> PROVIDED DATA:
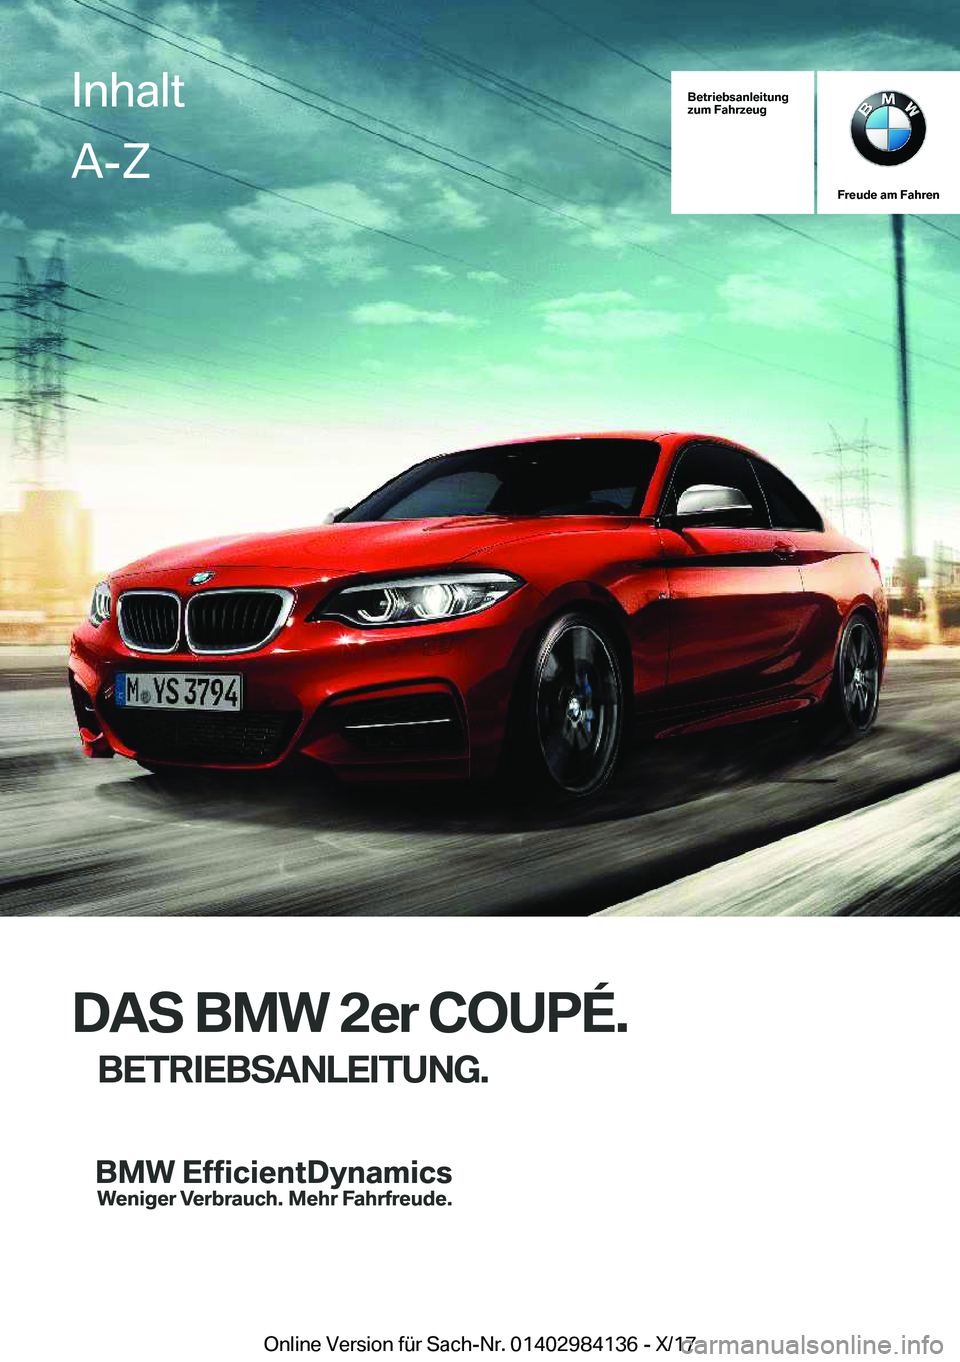 BMW 2 SERIES COUPE 2018  Betriebsanleitungen (in German) �B�e�t�r�i�e�b�s�a�n�l�e�i�t�u�n�g
�z�u�m��F�a�h�r�z�e�u�g
�F�r�e�u�d�e��a�m��F�a�h�r�e�n
�D�A�S��B�M�W��2�e�r��C�O�U�P�

> REQUIRED WORK:
Take the listing above and restate it word for word, without its pictures.

> ANSWER TO THIS PROBLEM:
 BMW 2 SERIES COUPE 2018  Betriebsanleitungen (in German) �B�e�t�r�i�e�b�s�a�n�l�e�i�t�u�n�g
�z�u�m��F�a�h�r�z�e�u�g
�F�r�e�u�d�e��a�m��F�a�h�r�e�n
�D�A�S��B�M�W��2�e�r��C�O�U�P�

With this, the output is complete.